Give exactly the lines from the one with "Da umjesto špageta" through the final line of the listing below, both included, leaving out any pictures.

### DATA EXCERPT
----
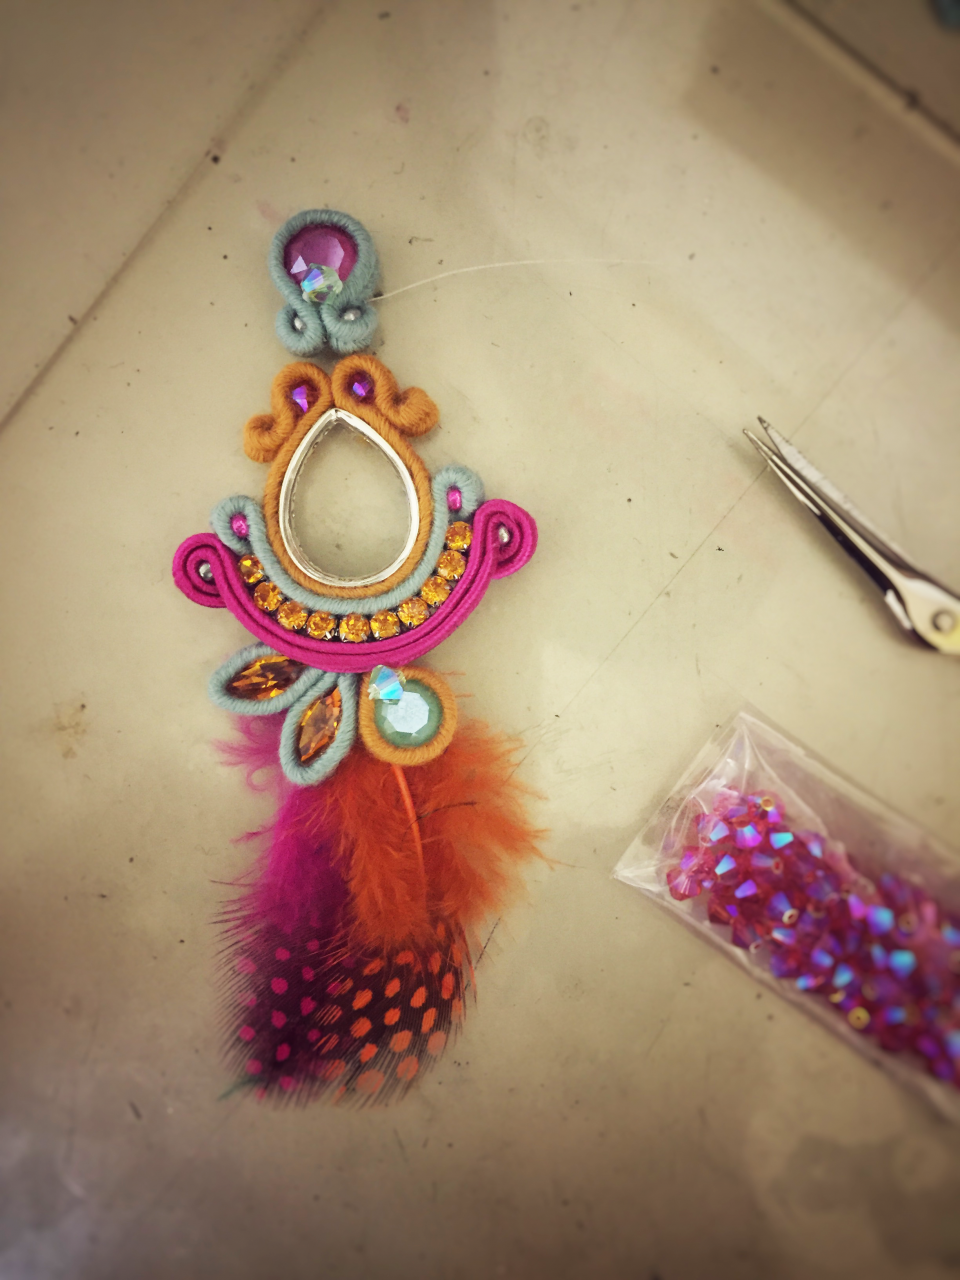 Boucles d 39 oreilles en soutache avec des plumes et des cristaux swa perles co - Tuto boucle d oreille perle ...
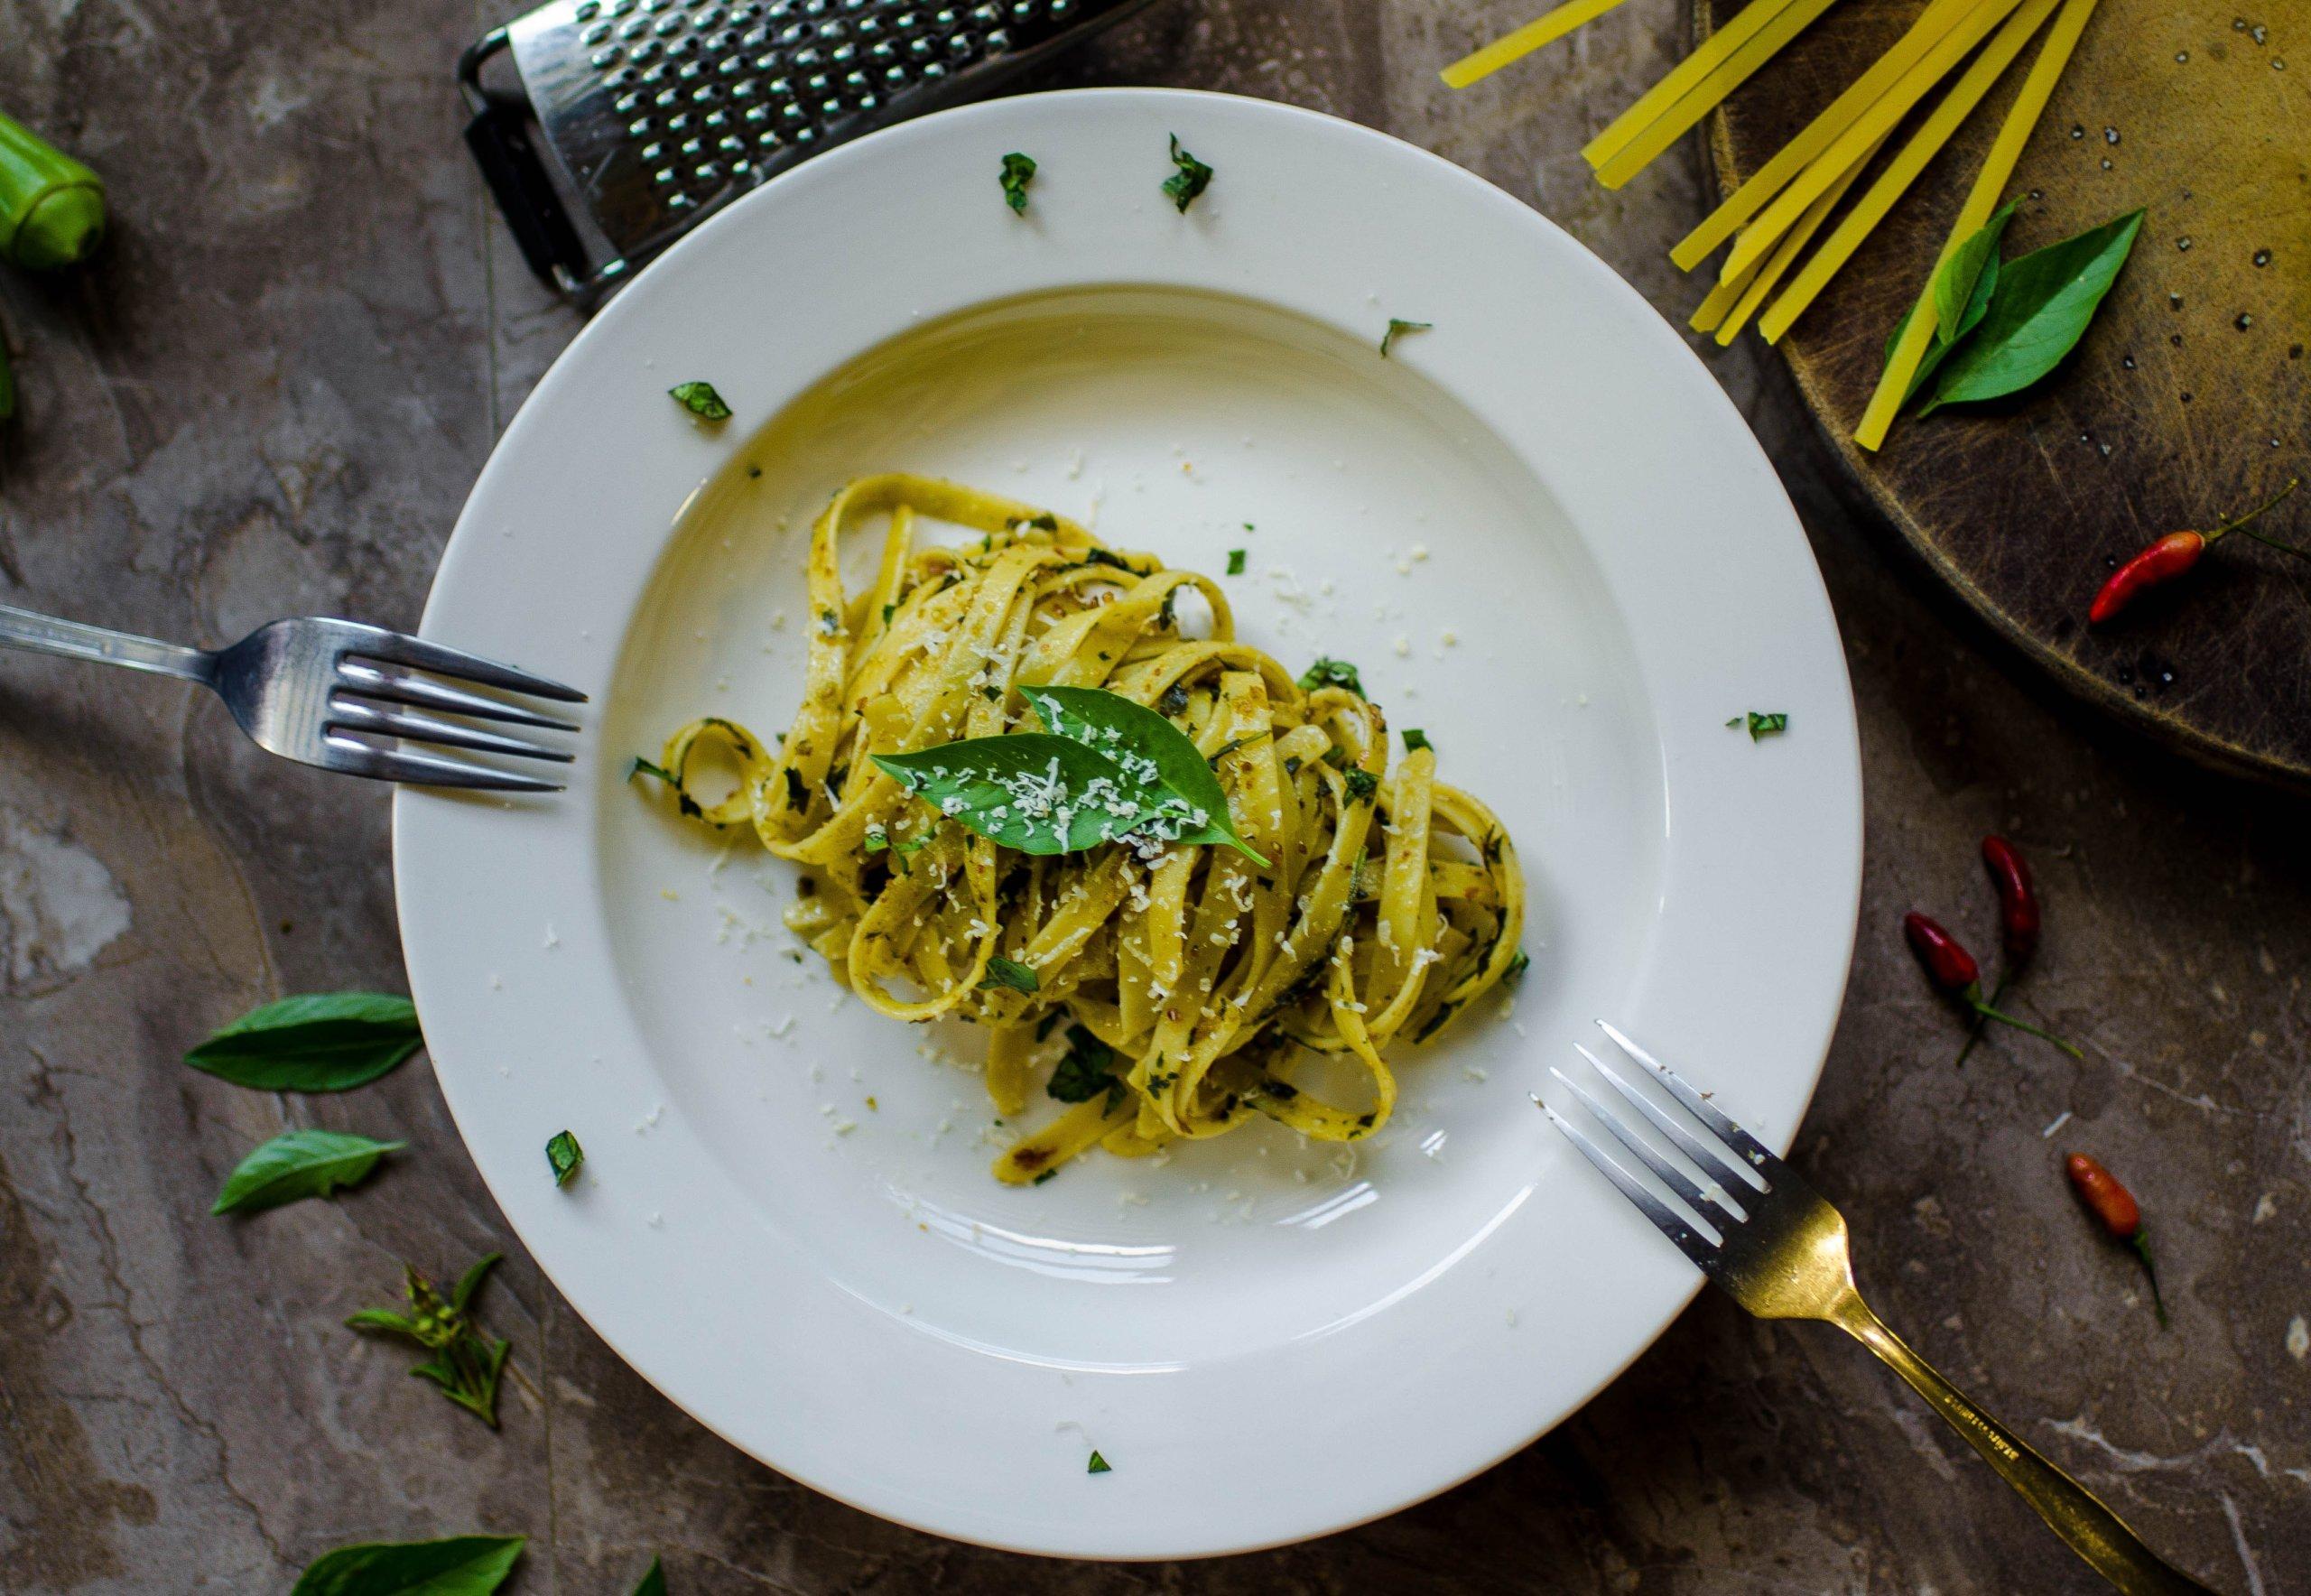 Da umjesto špageta ne dobijete kašu: Pojavile se playliste koje traju koliko i kuhanje tjestenine
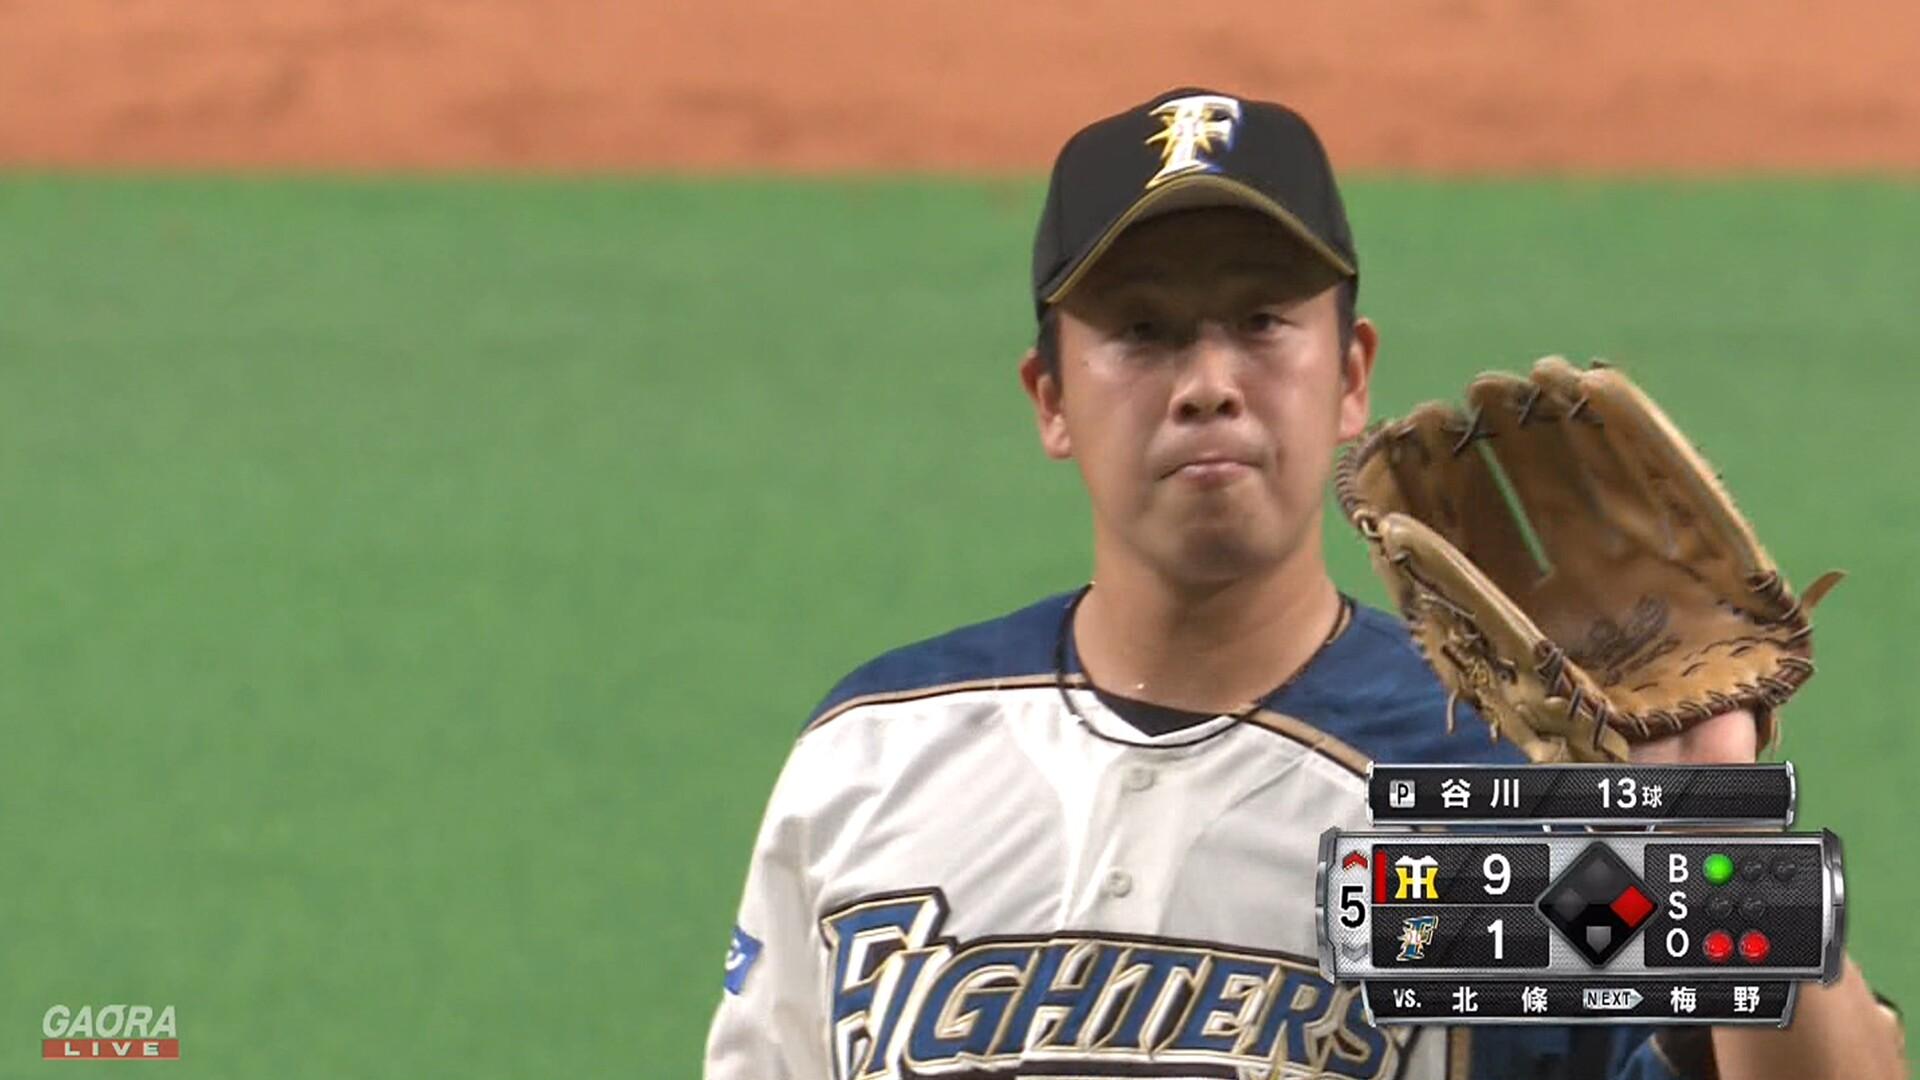 日ハム・谷川、古巣阪神を相手にゲッツーで火消し成功! …のはずが4失点
----
### ANSWER TO THE PROBLEM
 Da umjesto špageta ne dobijete kašu: Pojavile se playliste koje traju koliko i kuhanje tjestenine
 日ハム・谷川、古巣阪神を相手にゲッツーで火消し成功! …のはずが4失点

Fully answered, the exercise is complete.